Contrary to some claims, hospital officials say that they are not simply classifying the death of any patient who tested positive for the virus as a COVID death even if it was caused by unrelated factors, though they are taking into account the effect a COVID condition can have on other parts of the body when determining cause of death.

“If it’s directly related to infection, then we are classifying it as a COVID death,” said John Mougin, chief quality officer and hospitalist medical director for Northern Arizona Healthcare. “There may be an occasional patient who comes in with a traumatic injury who happens to be COVID-positive, but doesn’t report any symptoms or any illness and it doesn’t contribute to their demise.
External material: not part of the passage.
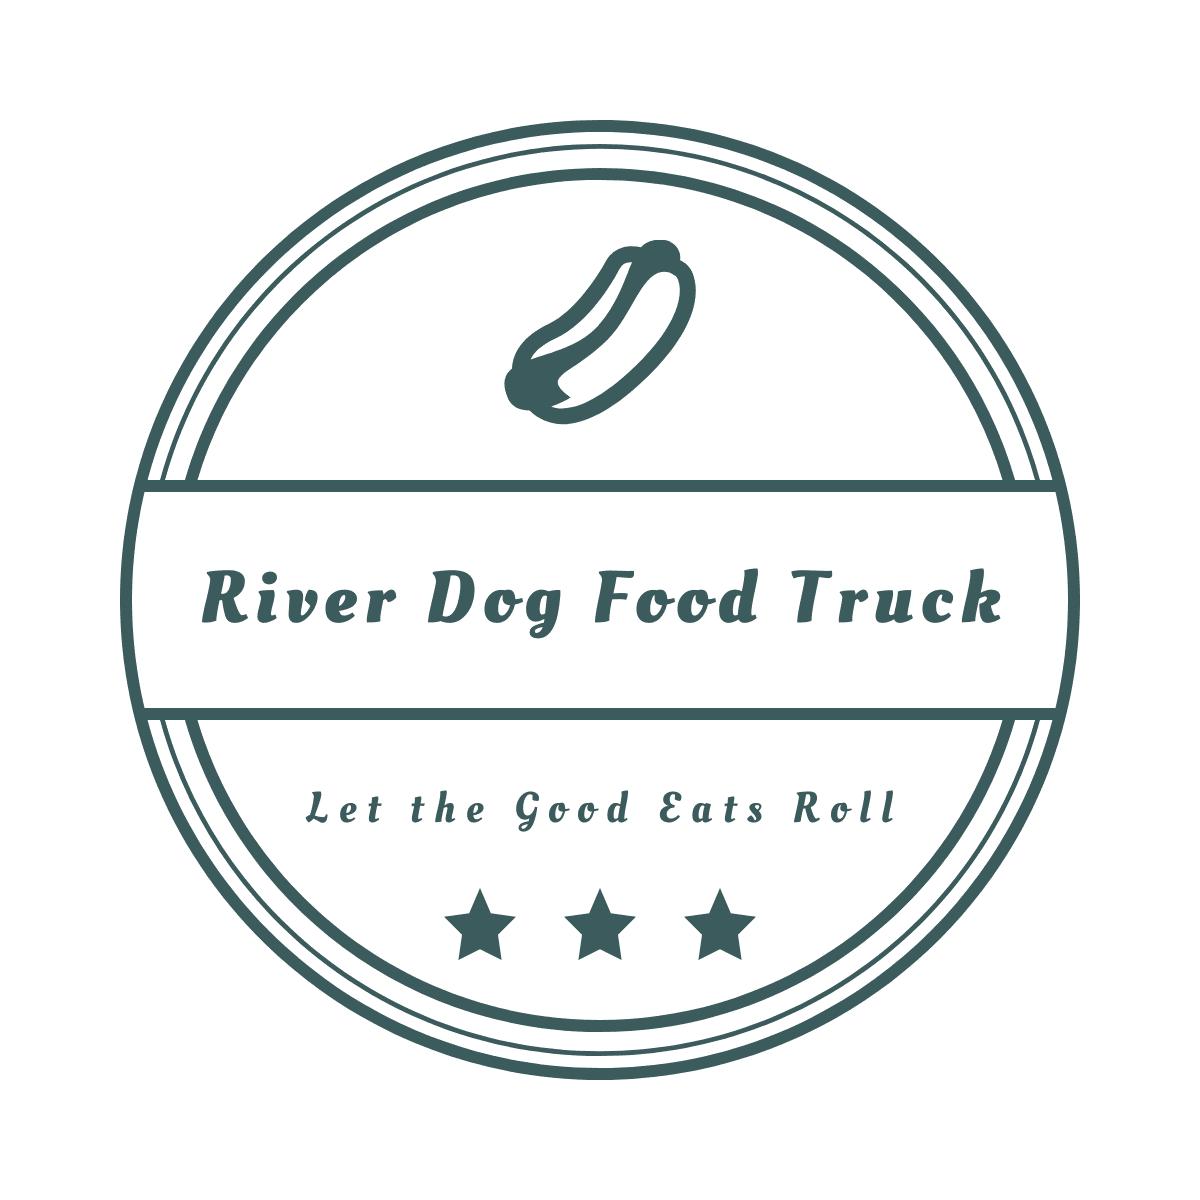 River Dog Food Truck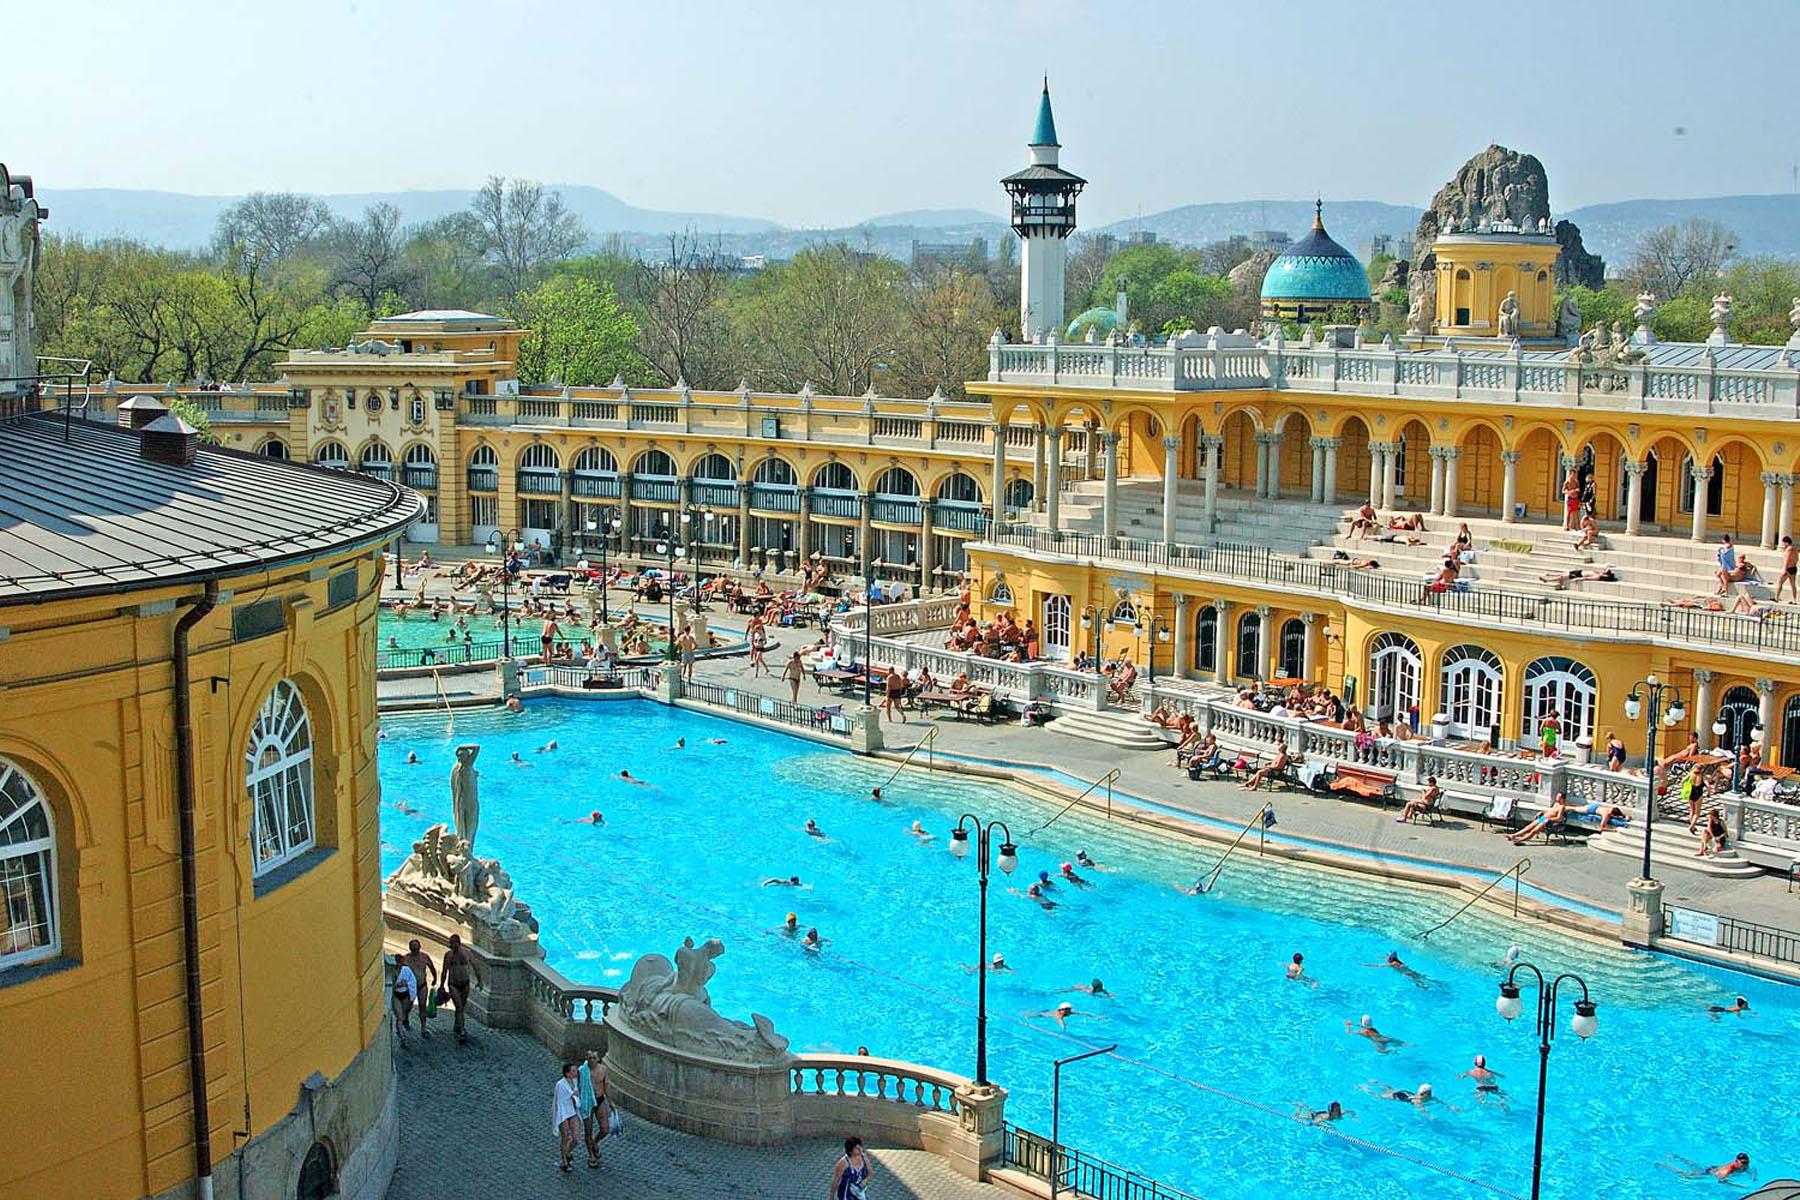 Szechenyi bath 16559587032 o

Then we would call that a death from the trauma with COVID just being one of the other diagnoses on the list.”

“If you have COVID and the COVID causes you to have, for example, a stroke or heart attack, and you die of that stroke or heart attack — if you didn’t have COVID, potentially you wouldn’t have had the stroke, or the heart attack, or the blood clot,” Pontikes said. “So COVID is the cause of death with secondary complications of stroke or heart attack or blood clot …. So that would be classified as a COVID death.”